Kioxia aims to change the storage paradigm with a proposed SSD designed to surpass 10 million input/output operations per second (IOPS) in small-block workloads, the company revealed at its Corporate Strategy Meeting earlier this week. That's three times faster than the peak speeds of many modern SSDs.

One of the performance bottlenecks of modern AI servers is the data transfer between storage and GPUs, as data is currently transferred by the CPU, which significantly increases latencies and extends access times.

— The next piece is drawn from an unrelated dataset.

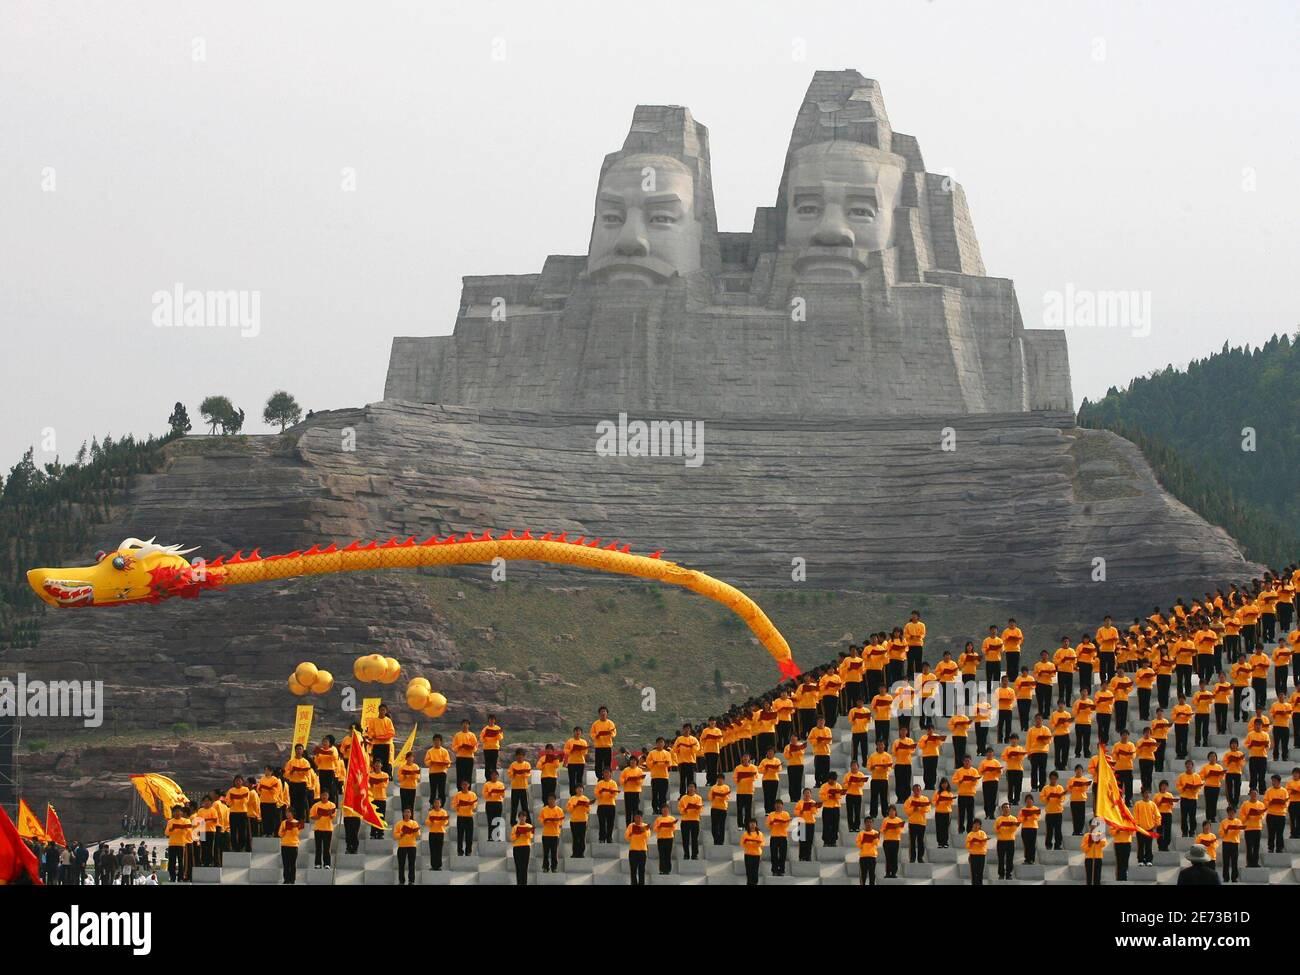 Les gens se présentent lors d'une répétition devant les statues de Huang Di et de Yan Di, qui sont vénérés comme les ancêtres communs du peuple chinois, à Zhengzhou, dans la province du Henan en Chine centrale le 16 avril 2007. La cérémonie d'achèvement des statues, qui ont une hauteur d'environ 106 mètres (348 pieds) et ont coûté 180 millions de yuans (23 millions de dollars), aura lieu mercredi, selon les médias locaux. REUTERS/Donald Chan (CHINE) Banque D'Images

To reach the performance target, Kioxia is designing a new controller specifically tuned to maximize IOPS — beyond 10M 512B IOPS — to enable GPUs to access data at speeds sufficient to keep their cores 100% used at all times. The proposed Kioxia 'AI SSD' is set to utilize the company's single-level cell (SLC) XL-Flash memory, which boasts read latencies in the range of 3 to 5 microseconds, significantly lower than the read latencies of 40 to 100 microseconds offered by SSDs based on conventional 3D NAND. Additionally, by storing one bit per cell, SLC offers faster access times and greater endurance, attributes that are crucial for demanding AI workloads.

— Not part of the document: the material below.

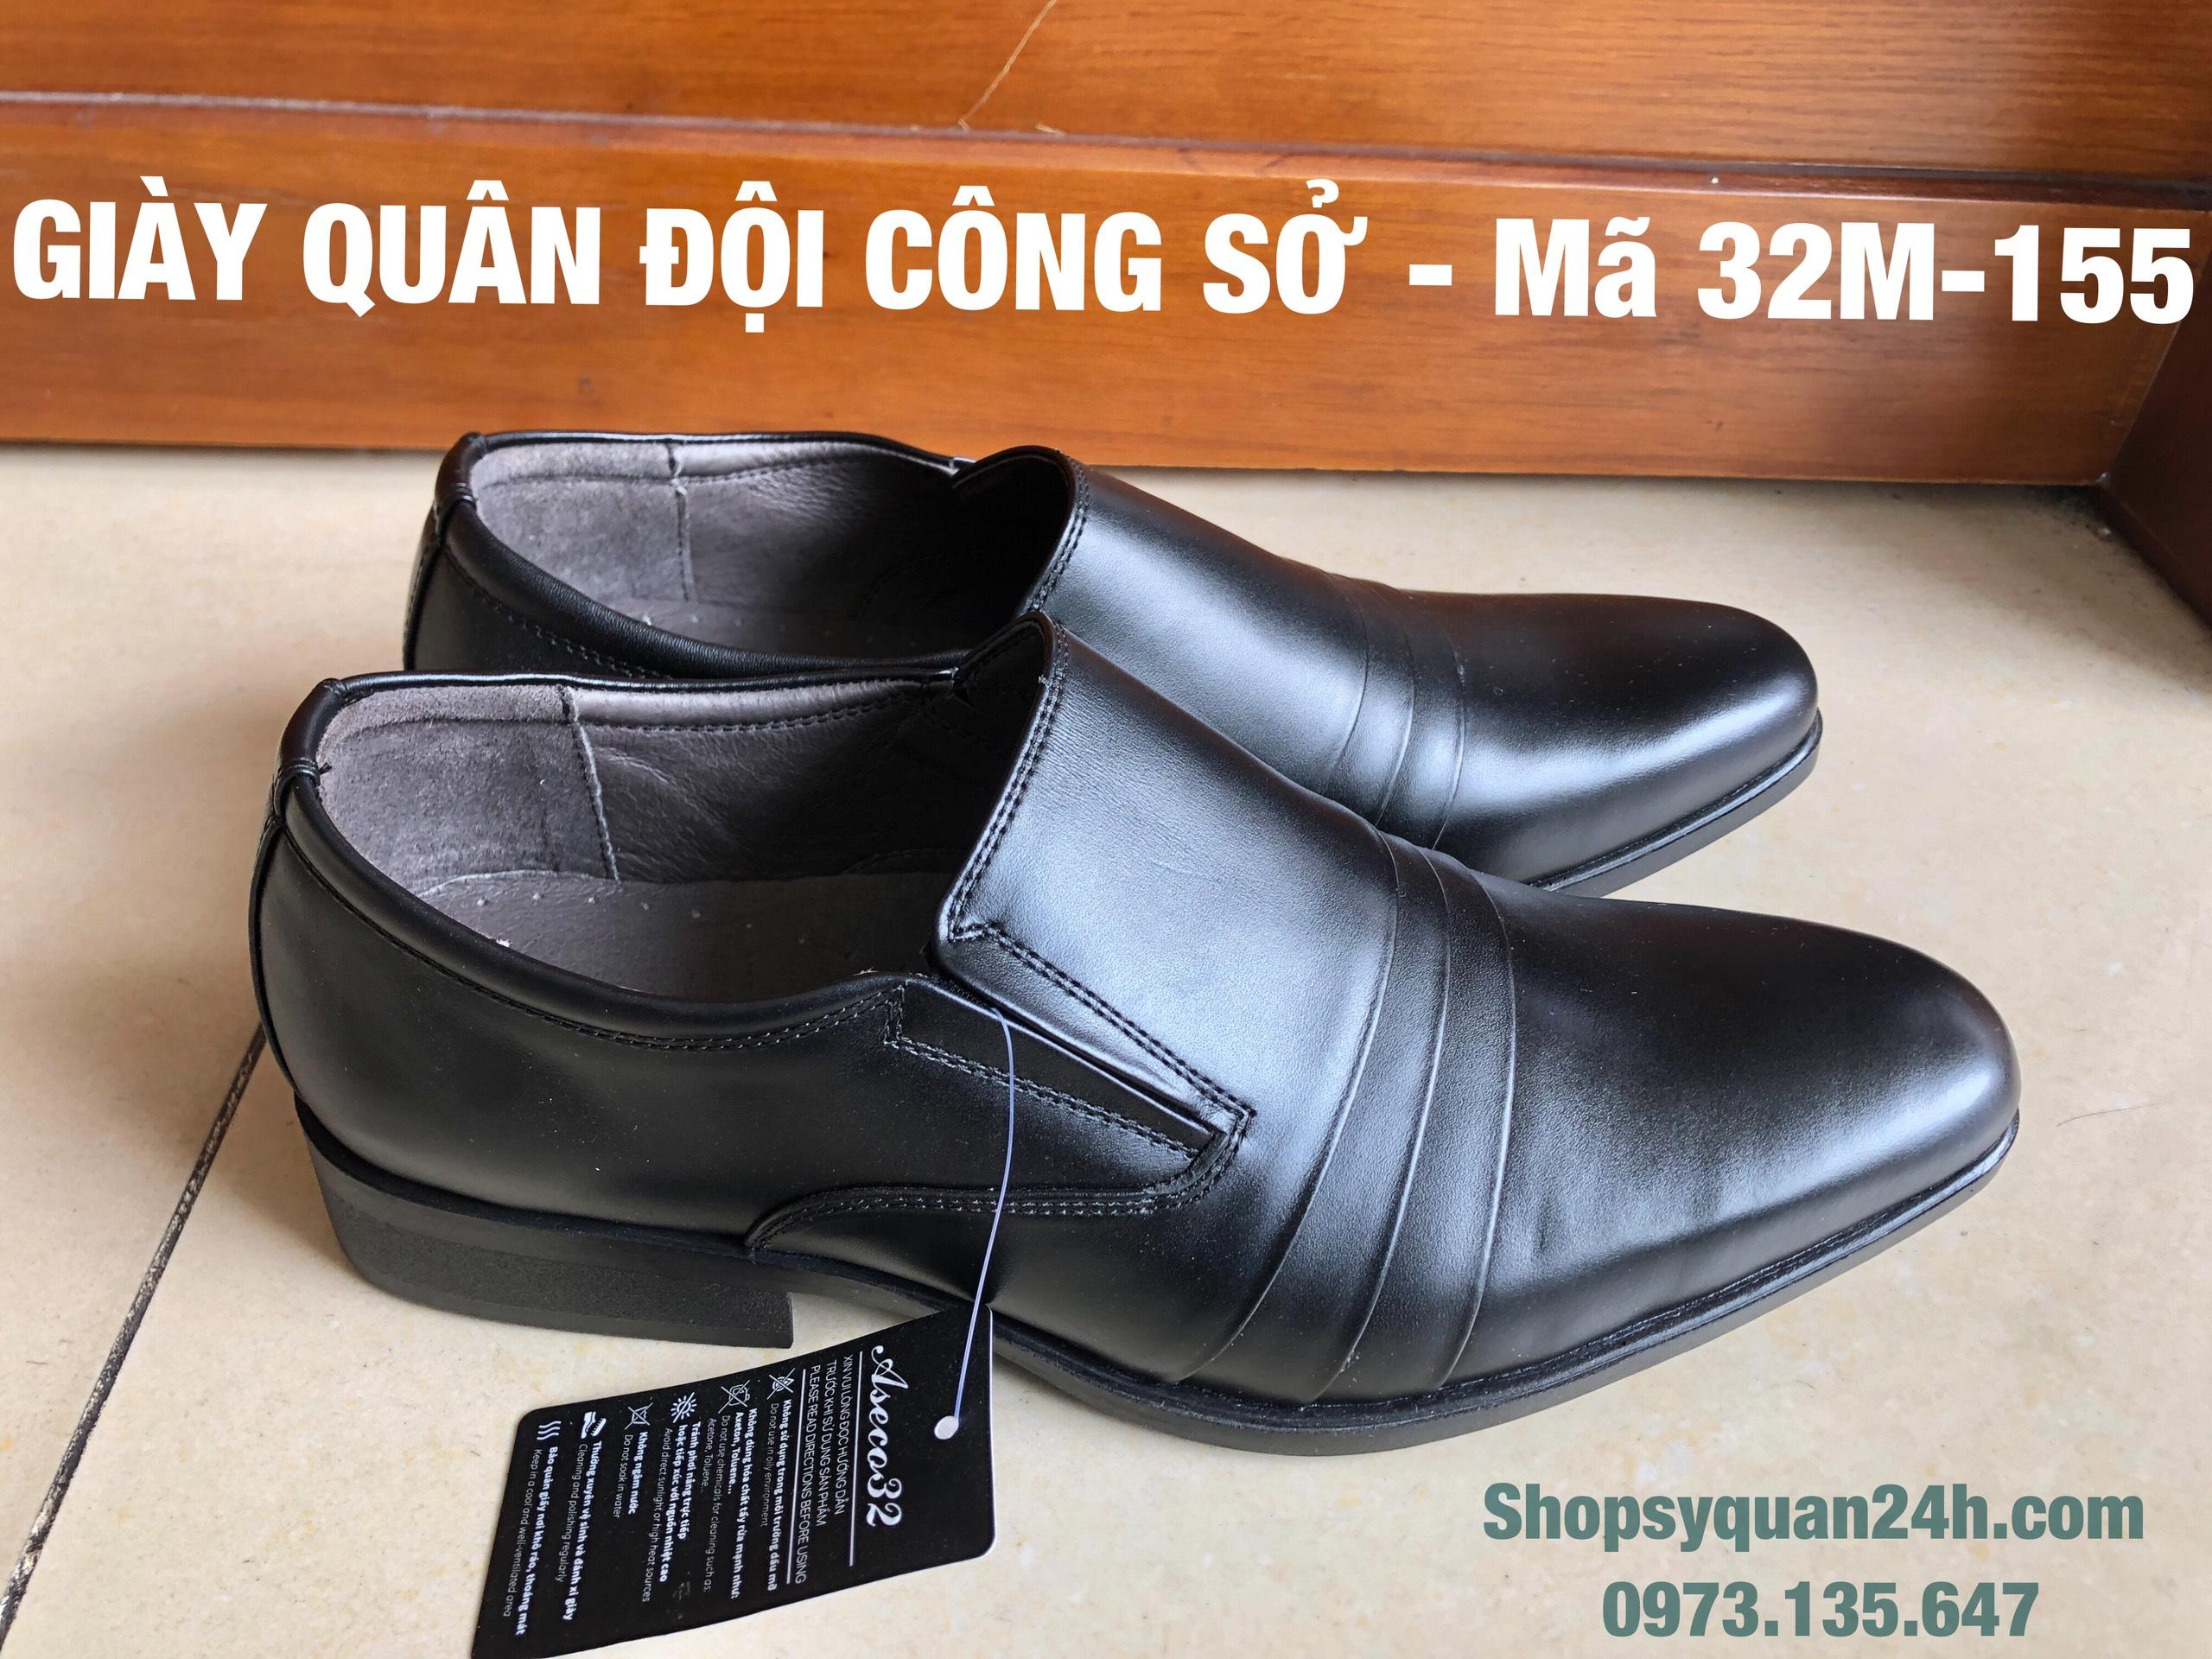 Giày Da Công Sở 32M-155

Current high-end datacenter SSDs typically achieve 2 to 3 million IOPS for both 4K and 512-byte random read operations. From a bandwidth perspective, using 4K blocks makes a lot of sense, whereas 512B blocks do not. However, large language models (LLMs) and retrieval-augmented generation (RAG) systems typically perform small, random accesses to fetch embeddings, parameters, or knowledge base entries. In these scenarios, small block sizes, such as 512B, are more representative of actual application behavior than 4K or larger blocks. Therefore, it makes more sense to use 512B blocks to meet the needs of LLMs and RAGs in terms of latencies and use multiple drives for bandwidth. Using smaller blocks could also enable more efficient use of memory semantics for access.

It is noteworthy that Kioxia does not disclose which host interface its 'AI SSD' will use, although it does not appear to require a PCIe 6.0 interface from a bandwidth perspective.

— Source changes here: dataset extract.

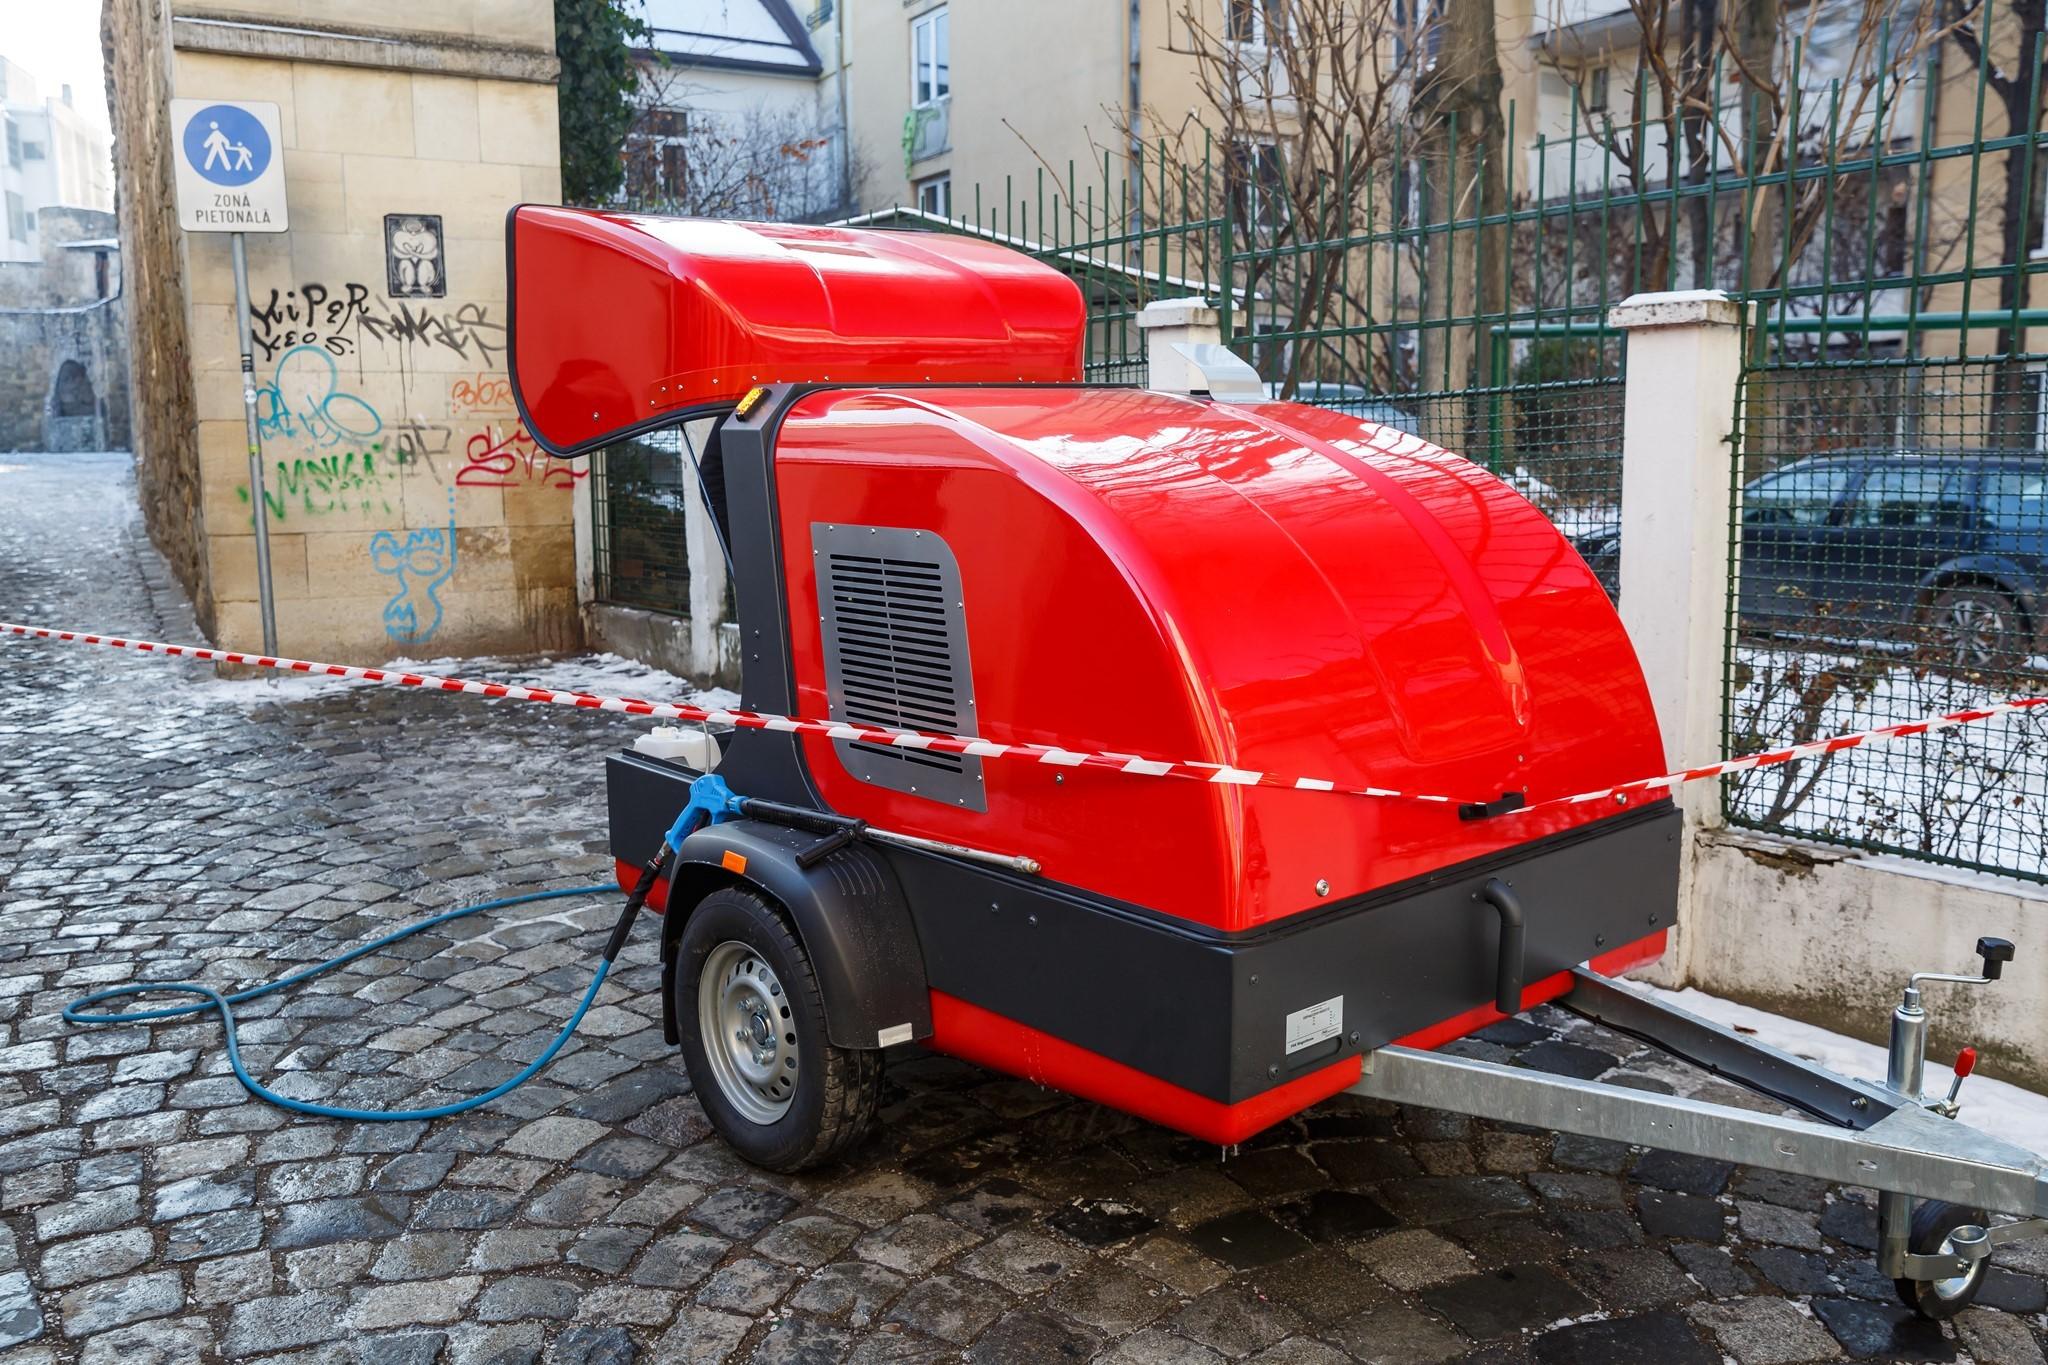 Primăria Cluj a investit 50.000 de euro într-un aparat de curățare a grafitti-urilor

The 'AI SSD' from Kioxia will also be optimized for peer-to-peer communications between the GPU and SSD, bypassing the CPU for extra performance and lower latency. To that end, there is another reason why Kioxia (well, and Nvidia) plan to use 512B blocks as GPUs typically operate on cache lines of 32, 64, or 128 bytes internally and their memory subsystems are optimized for burst access to many small, independent memory locations, to keep all the stream processors busy at all times. To that end, 512-byte reads align better with GPU designs.

Kioxia's 'AI SSD' is designed to support AI training setups where large language models (LLMs) require fast, repeated access to massive datasets. Also, Kioxia envisions it being deployed in AI inference applications, particularly in systems that employ retrieval-augmented generation techniques to enhance generative AI outputs with real-time data (i.e., for reasoning). Low-latency, high-bandwidth storage access is crucial for such machines to ensure both low response times and efficient GPU utilization.

The Kioxia 'AI SSD' is scheduled for release in the second half of 2026.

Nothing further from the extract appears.